▸ Instructions for the task
Pictures left aside, return the lines below exactly, from the one with "Porsche_Taycan_Turbo_S_by_Prior_Design_0001" to the end, including both ends.

▸ Data provided
⁂
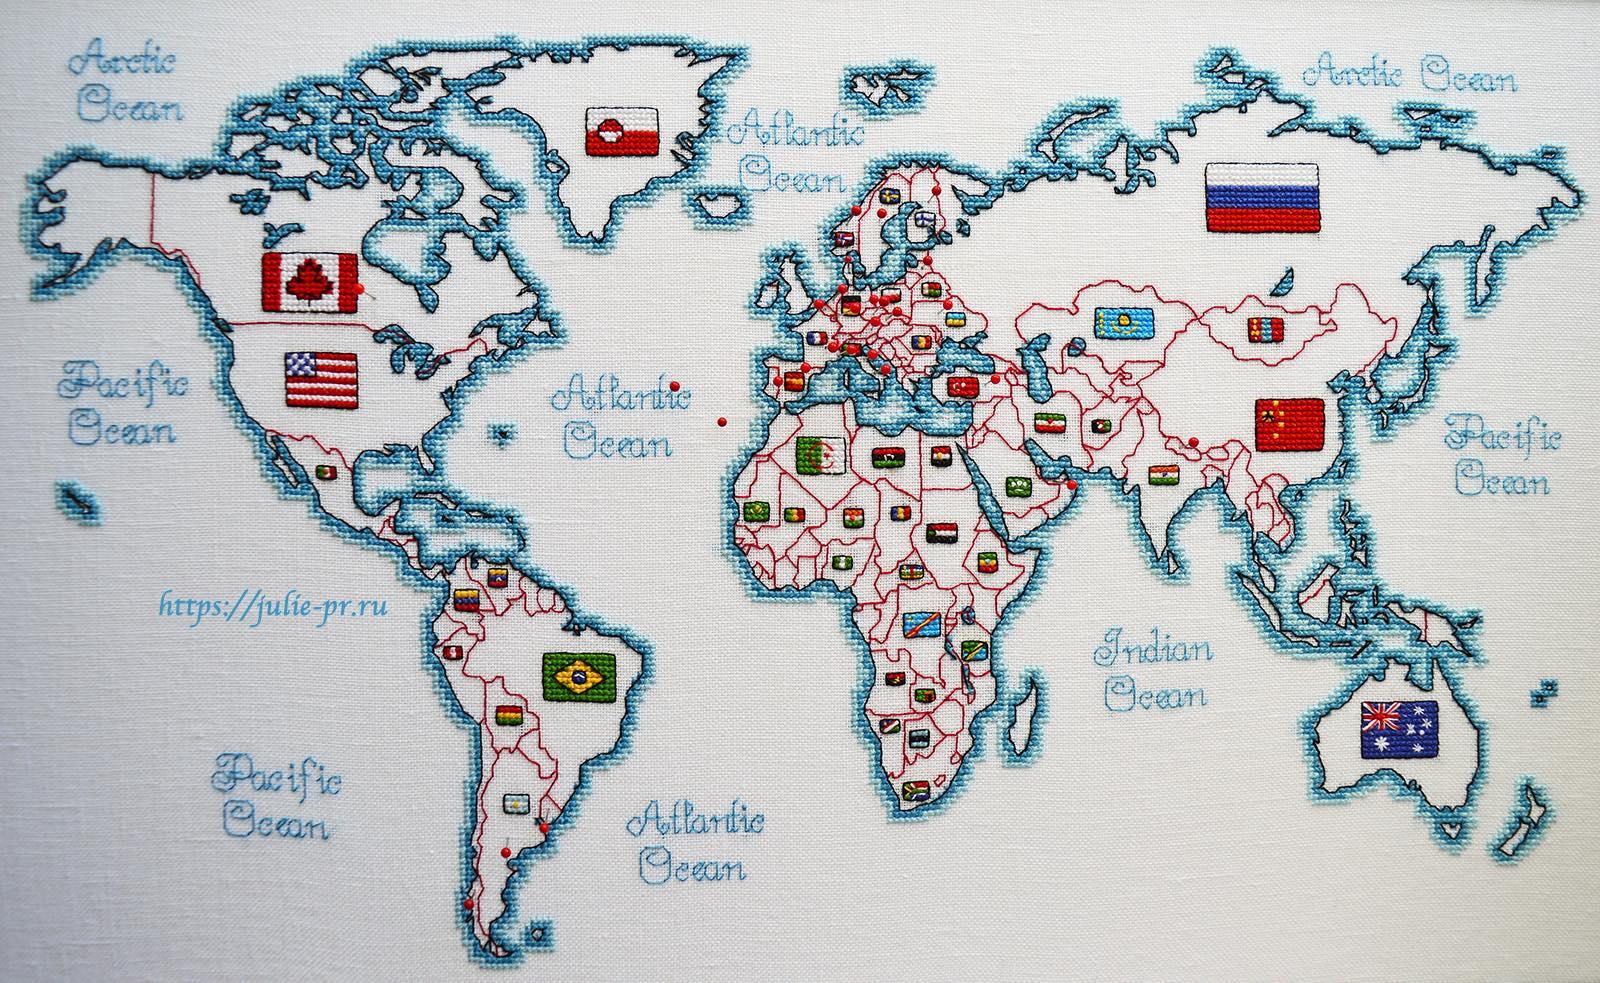 Вышивка крестом DMC K3413 DMC K3413 - Oceania collection, Карта мира
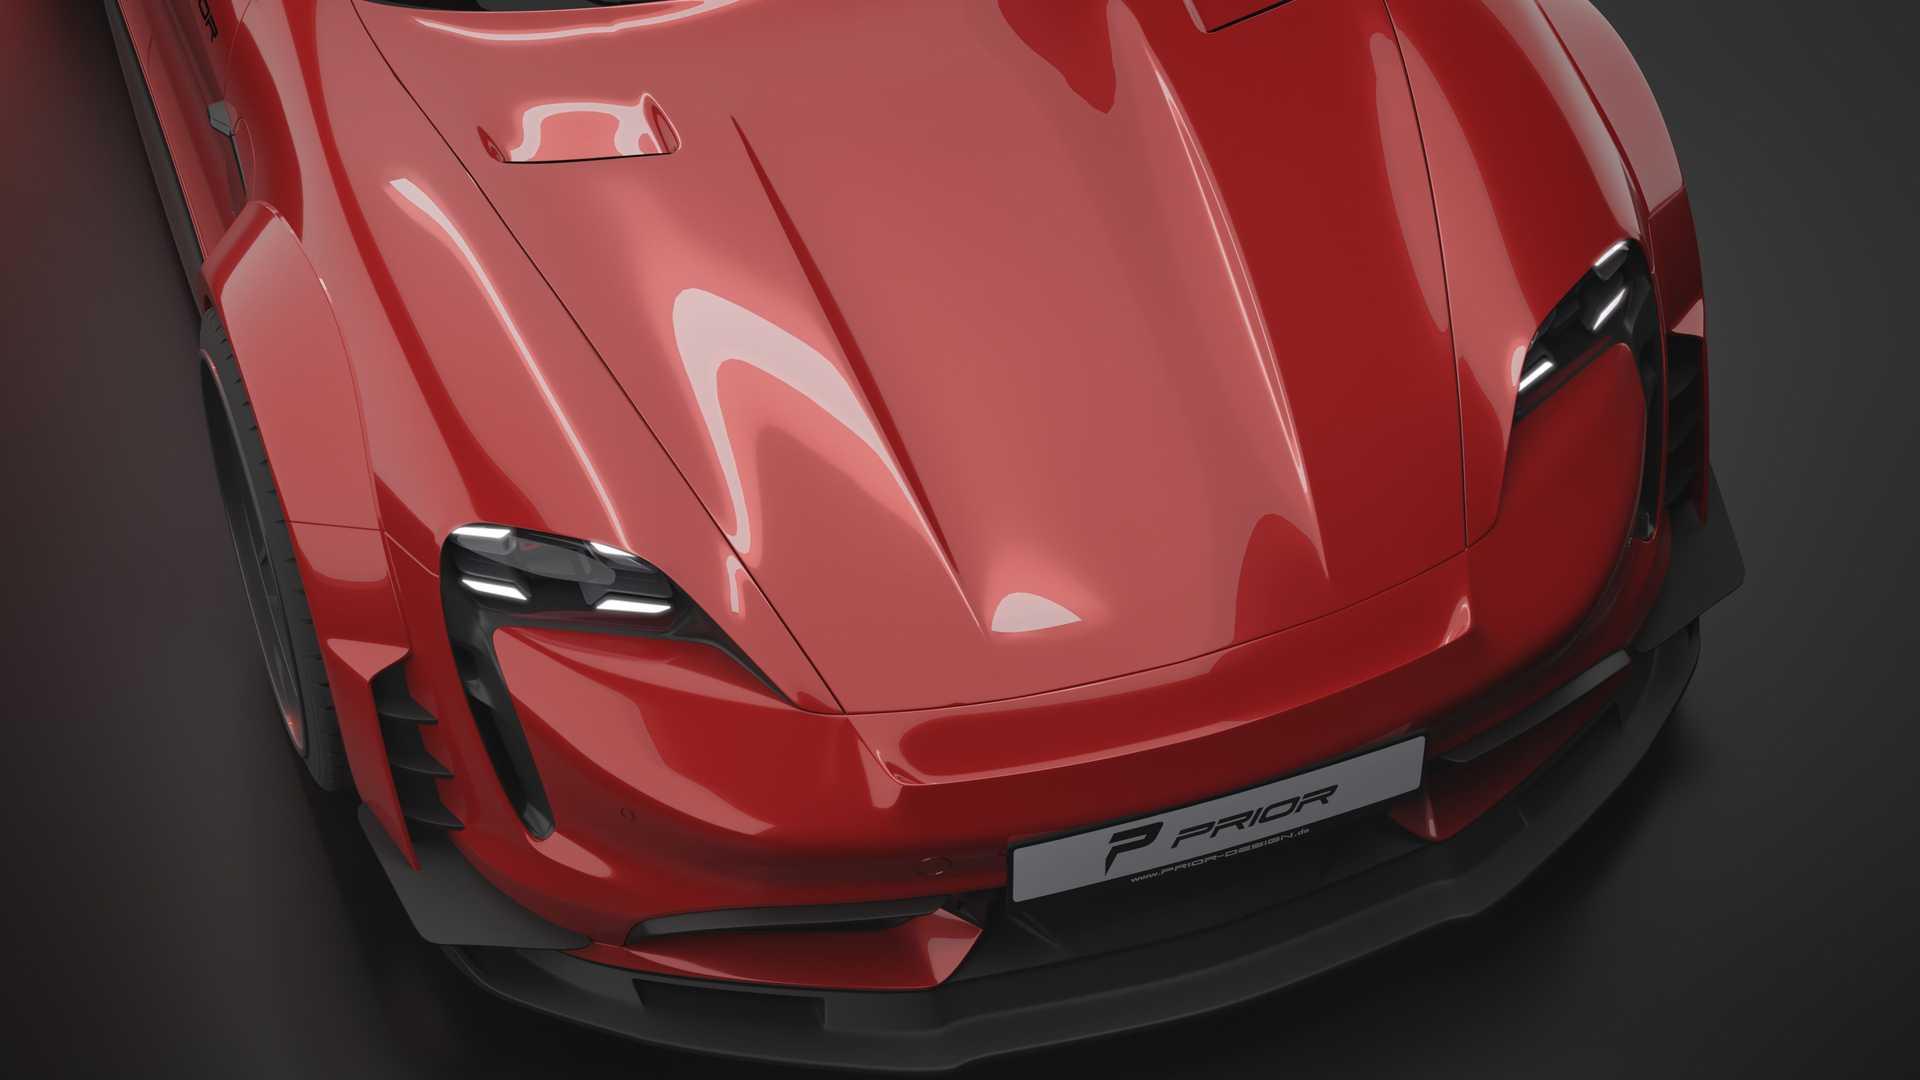 Porsche_Taycan_Turbo_S_by_Prior_Design_0001
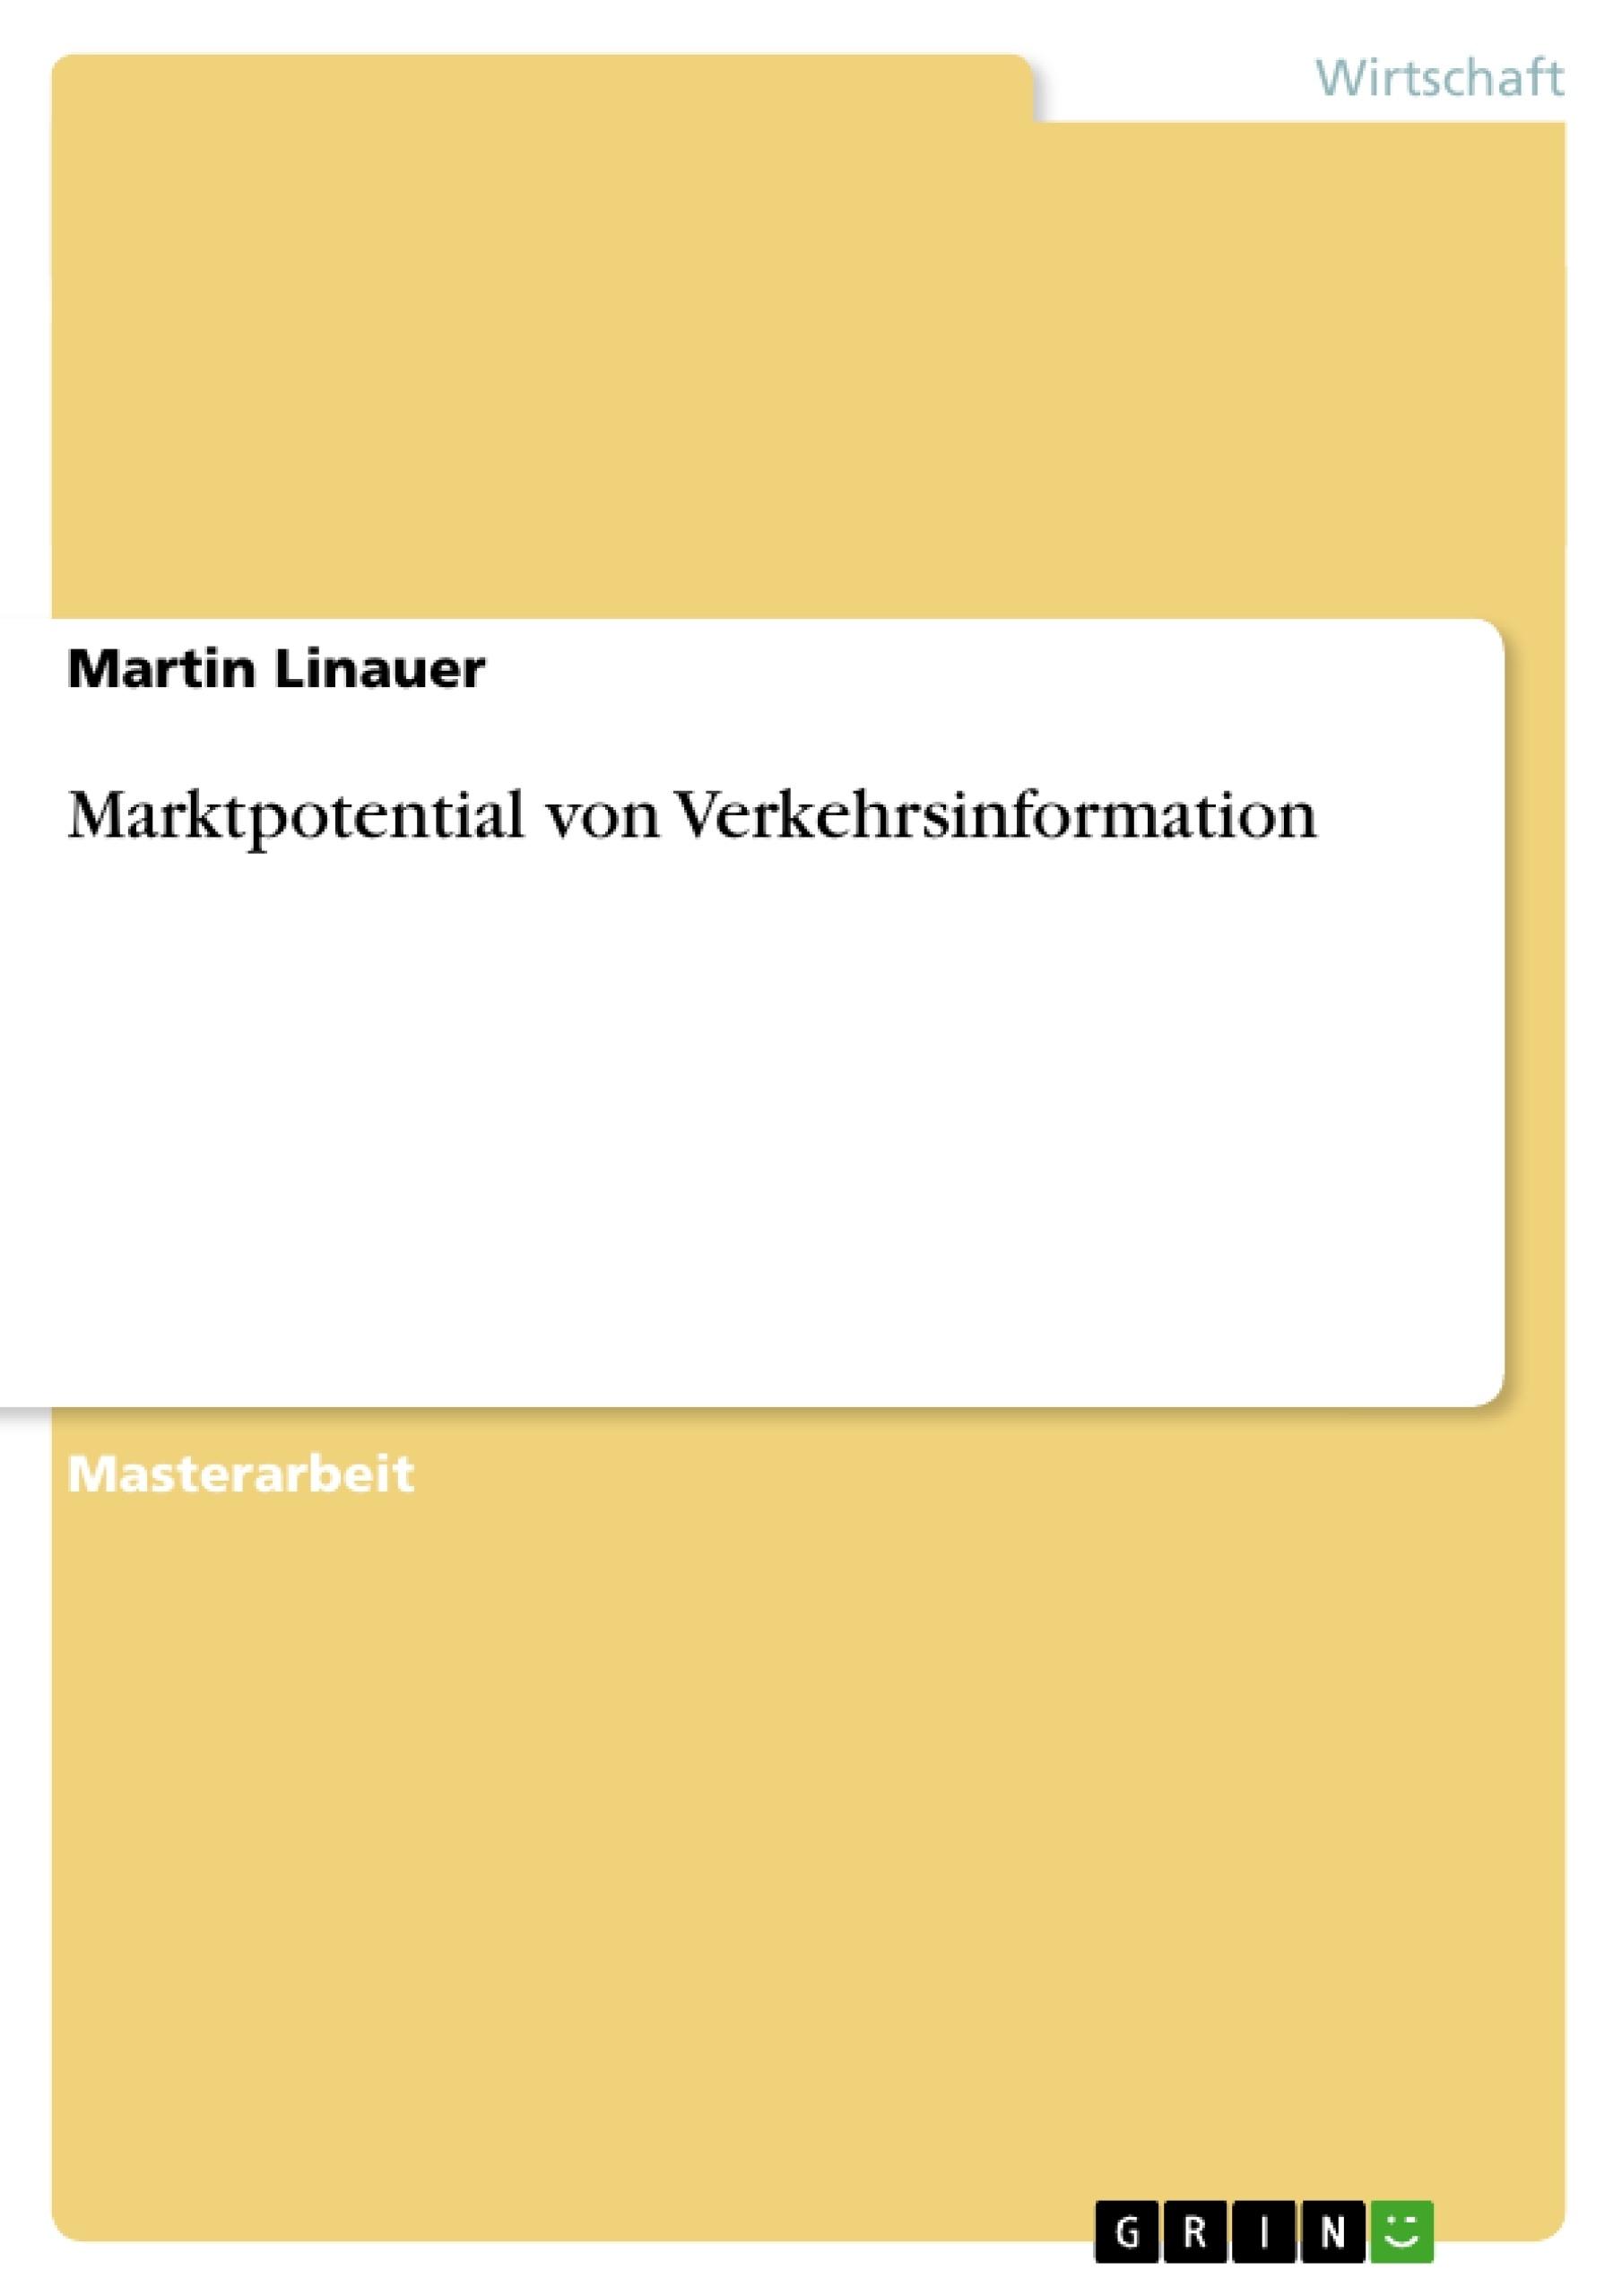 Titel: Marktpotential von Verkehrsinformation
⁂
▸ Answer box
 Porsche_Taycan_Turbo_S_by_Prior_Design_0001
 Titel: Marktpotential von Verkehrsinformation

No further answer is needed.